As noted in the introduction, the reliability of two measures will attenuate the magnitude of the correlation that can be observed between them. As an illustration of this phenomenon, we examine the correlations between the four response control tasks administered in Studies 1 and 2 before and after accounting for the reliability of the measures. Response control provides a useful illustrative example of this issue, as it is often assumed that a common response control trait underlies performance on these tasks (for a review, see Bari & Robbins, 2013), though this assumption has received mixed support from correlational research (Aichert et al., 2012; Cyders & Coskunpinar, 2011; Fan, Flombaum, McCandliss, Thomas, & Posner, 2003; Friedman & Miyake, 2004; Hamilton et al., 2015; Ivanov, Newcorn, Morton, & Tricamo, 2011; Khng & Lee, 2014; Scheres et al., 2004; L. Sharma et al., 2014; Stahl et al., 2014; Wager et al., 2005).

Spearman’s Rho correlations can be seen in Table 3. We combined the data from Studies 1 and 2 to maximize statistical power. In order to examine the impact of reliability, in Table 4, we also estimated the dissatenuated correlation coefficients using Spearman’s (1904) formula:

Table 3 Spearman’s rho correlations between measures of response control. Data are combined across Study 1 and 2 (total N = 99–104), and averaged across sessions 1 and 2. Correlations significant at p<.05 are highlighted
Table 4 Disattenuated Spearman’s rho correlations between measures of response control. Correlations that would be significant at p<.05 (N=100) are highlighted
$$ " True" correlation\left( x, y\right)=\frac{Sample\; correlation\left( x, y\right)}{\sqrt{Reliability(x). Reliability(y)}} $$

Spearman noted that the correlation that is observed between two measures will be attenuated (weakened) by measurement error. Assuming that the reliability coefficient reflects the noise in each measure individually, he proposed the disattenuation formula as a means to “correct” the correlation obtained from a sample. As the formula depends on sample estimates of the correlation and reliabilities, it is itself an estimate, and not intended here for inference (for discussions of interpretative issues, see Muchinsky, 1996; Winne & Belfry, 1982). We present them to illustrate the impact of reliability on theoretical conclusions, especially when using the traditional approach of statistical thresholds, though the attenuation of effect sizes is not unique to the null hypothesis significance testing framework. For ease of comparison, correlations significant at p<.05 are highlighted.

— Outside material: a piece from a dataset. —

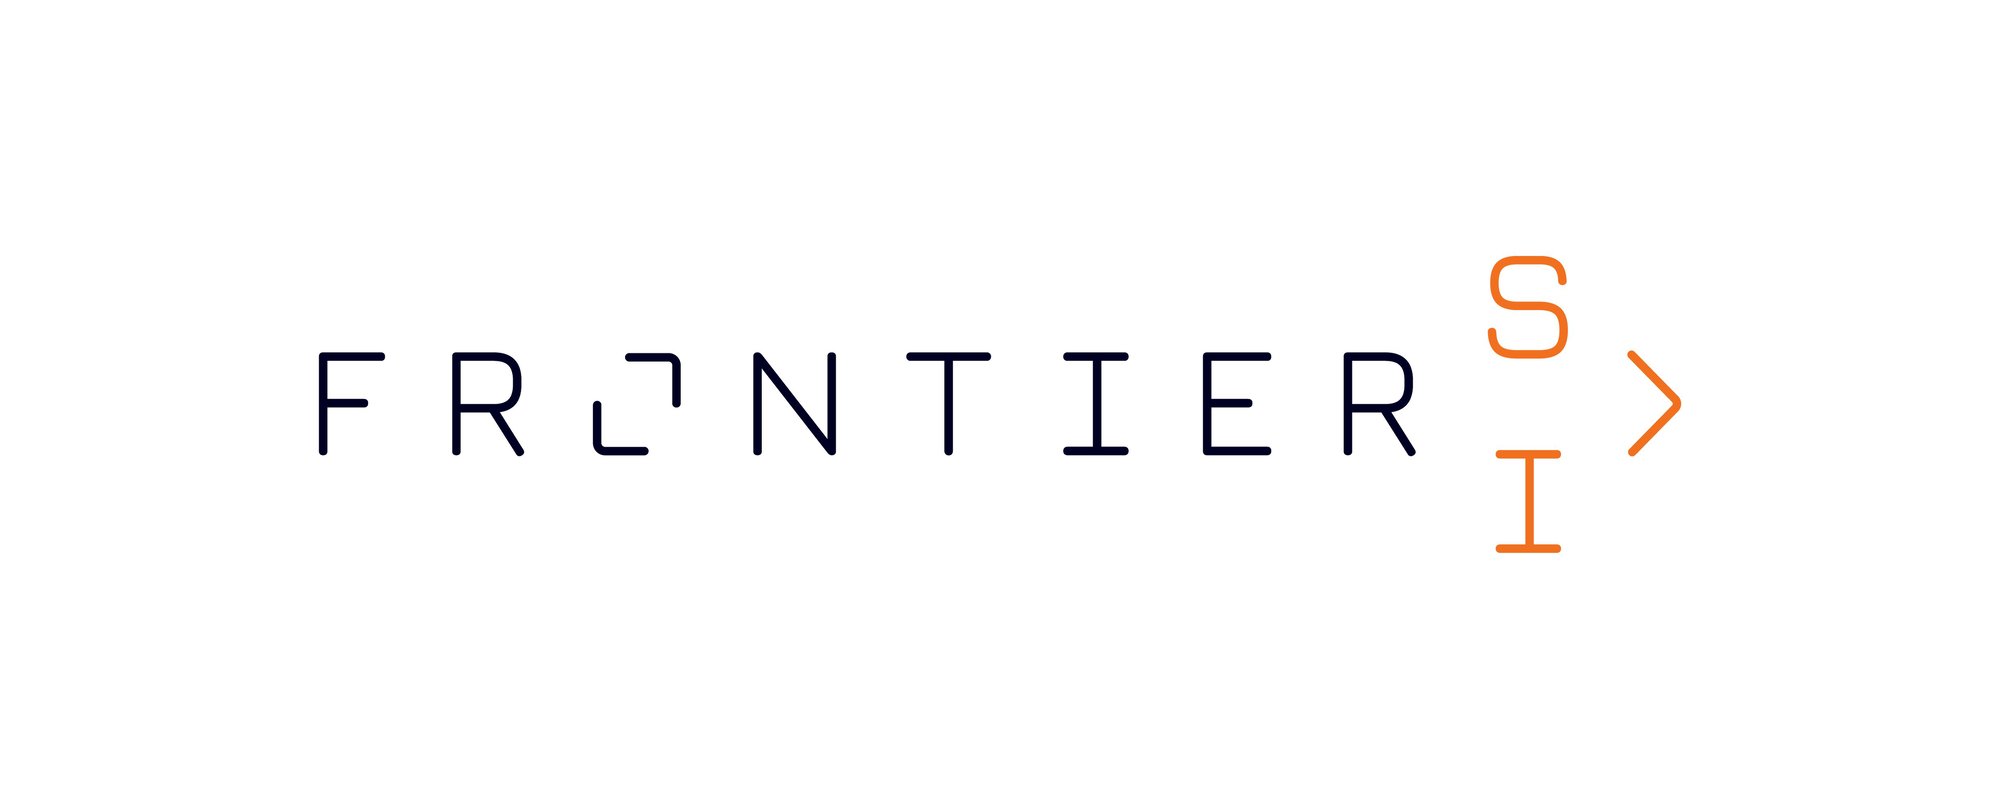 FrontierSI_Logo_Primary

Focusing first on the observed correlations in Table 3 there is little support for a relationship between these measures. Consistent with some observations (Reynolds, Ortengren, Richards, & de Wit, 2006), though inconsistent with others (Aichert et al., 2012), we observed a strong correlation between SSRT and commission errors on the go/no-go task. Otherwise, if we were making a dichotomous decision as to whether different response control tasks were related, we would fail to reject the null hypothesis by traditional standards.

The disattenuated correlations in Table 4 paint a somewhat different picture. Note that the dissatenuated correlation will always be higher than the observed correlations when the reliabilities are less than one. The increase in the correlations in Table 4 is therefore unsurprising. If we apply the same statistical thresholds however, the dissatenuated correlations lead us to different qualitative conclusions about the relationships between measures. Note that not all of these relationships are consistent with a single underlying response control construct. For example, whereas SSRT shows a positive correlation with flanker error costs, it shows a negative correlation with flanker RT costs. These may suggest other factors moderating the relationships between these measures, such as speed-accuracy trade-offs that carry some consistency across tasks.

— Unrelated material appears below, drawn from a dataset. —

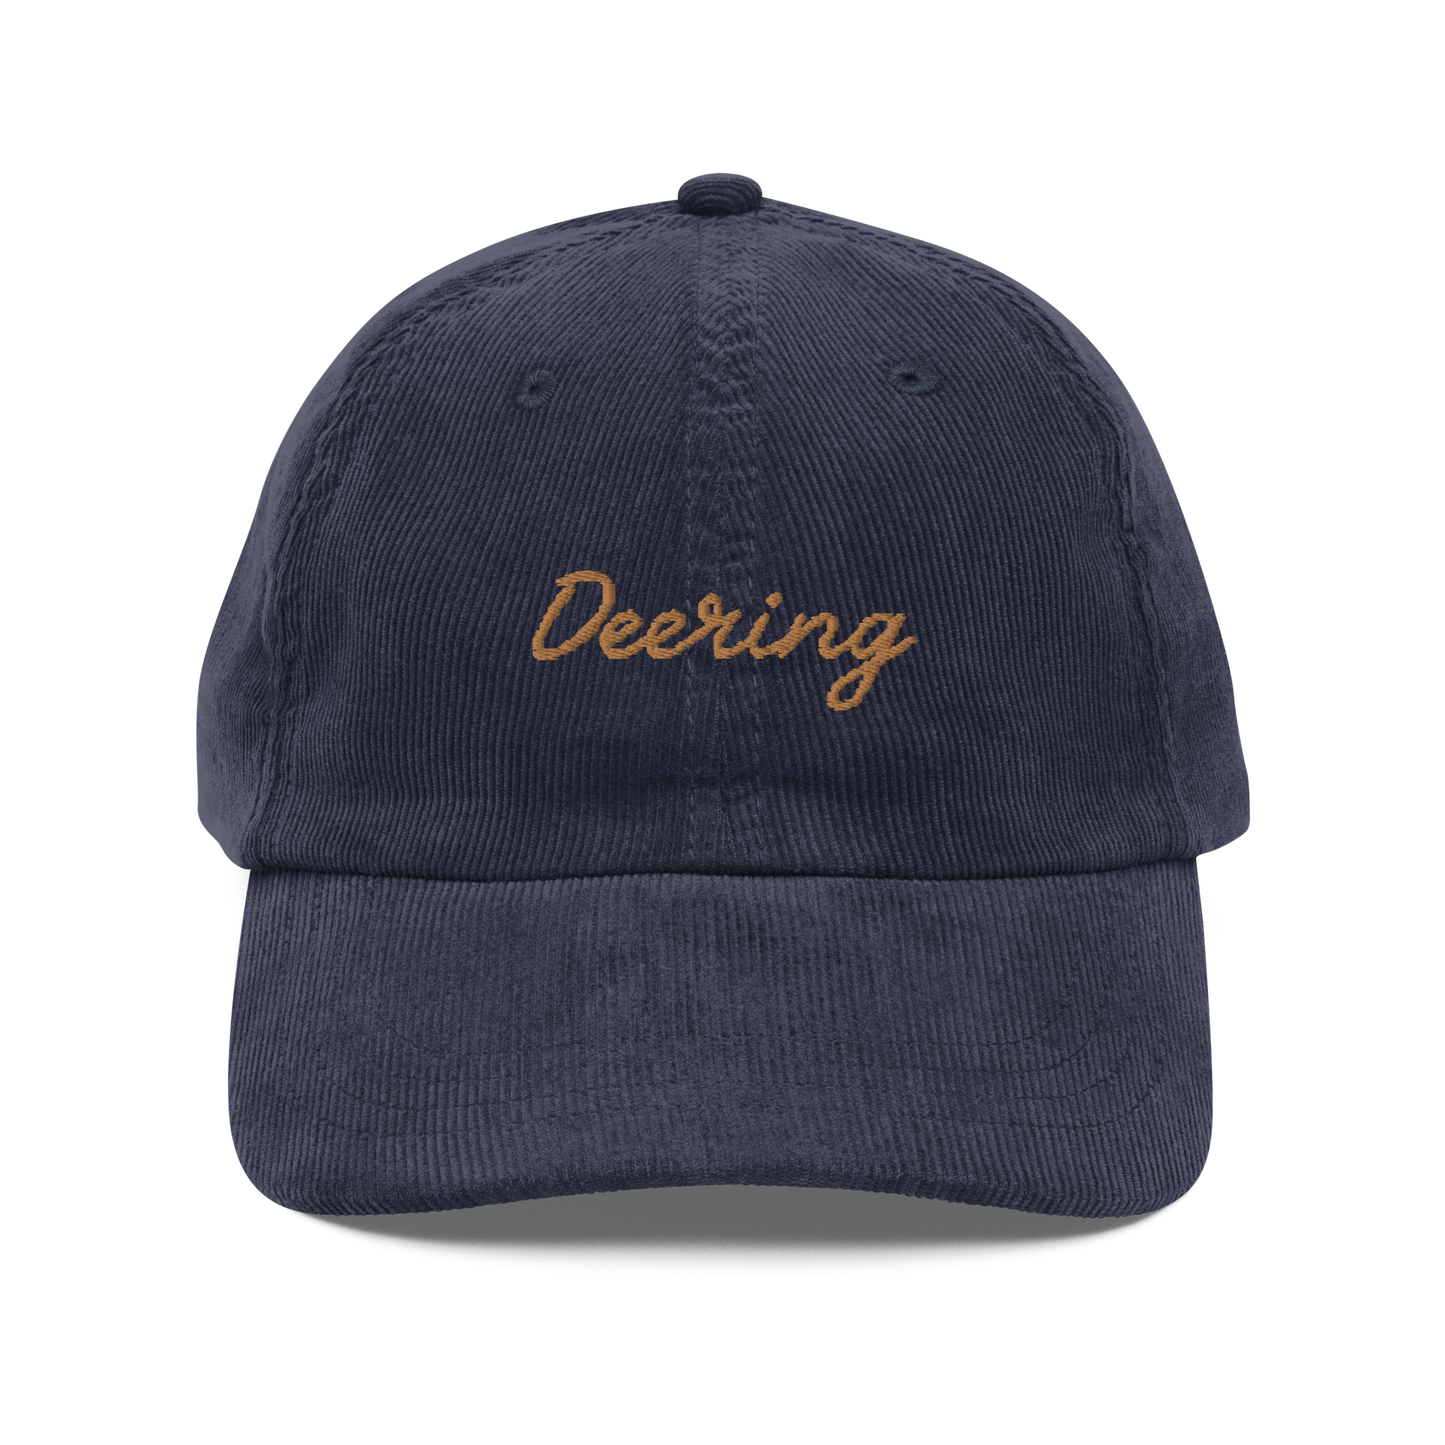 Deering Corduroy Dad Hat

For reference, we include the raw and disattenuated correlations for the measures used in Study 3 in the Supplementary Material F.

Discussion

Across many research, educational, or clinical contexts, when finding a group level effect, it is often theoretically meaningful to ask what factors of the individual predict effectiveness. It is not intuitive, and rarely discussed, that such questions may be at odds with each other because one requires low and one requires high variability between individuals (Rogosa, 1988), even though the statistical issues have been long known. The challenges highlighted by our data are also cause to reflect upon the way in which researchers evaluate paradigms for this purpose; it should not be assumed that robust experimental paradigms will translate well to correlational studies. In fact, they are likely to be sub-optimal for correlational studies for the same reasons that they produce robust experimental effects. Our findings, as well as observations from elsewhere in the literature, indicate that this challenge currently exists across most domains of cognitive neuroscience and psychology (De Schryver, Hughes, Rosseel, & De Houwer, 2016; Hahn et al., 2011; Lebel & Paunonen, 2011; Ross et al., 2015). We discuss the practical and theoretical implications of this below, including the way in which sub-optimal reliabilities should be interpreted; the extent to which these problems generalize to other populations; and the challenge this poses to resource intensive research such as neuroimaging, where it is not easy just to increase participant numbers.

Translating experimental effects to correlational studies

The reliability of a measure is an empirical question and a prerequisite for effective correlational research. Clearly reliability cannot be assumed on the basis of robustness in within-subject contexts. Success in within-subject contexts does not necessarily exclude a task from consideration in individual differences contexts, or vice versa. Hypothetically, an effect could produce reliable between-subject variation, but also a mean difference large enough so that it can be consistently reproduced across different samples. However, the reliabilities of many the measures reported here, spanning the domains of attention, cognitive control, and processing style, are much lower than most researchers would expect, and fall short of outlined standards (Barch et al., 2008; Cicchetti & Sparrow, 1981; Fleiss, 1981; Landis & Koch, 1977). There are direct implications of this for initiatives recommending and employing some of the measures we evaluated (e.g., the Stroop and stop-signal tasks; Barch, Braver, Carter, Poldrack, & Robbins, 2009; Hamilton et al., 2015), and for the way in which experimental tasks are evaluated for this purpose in the future.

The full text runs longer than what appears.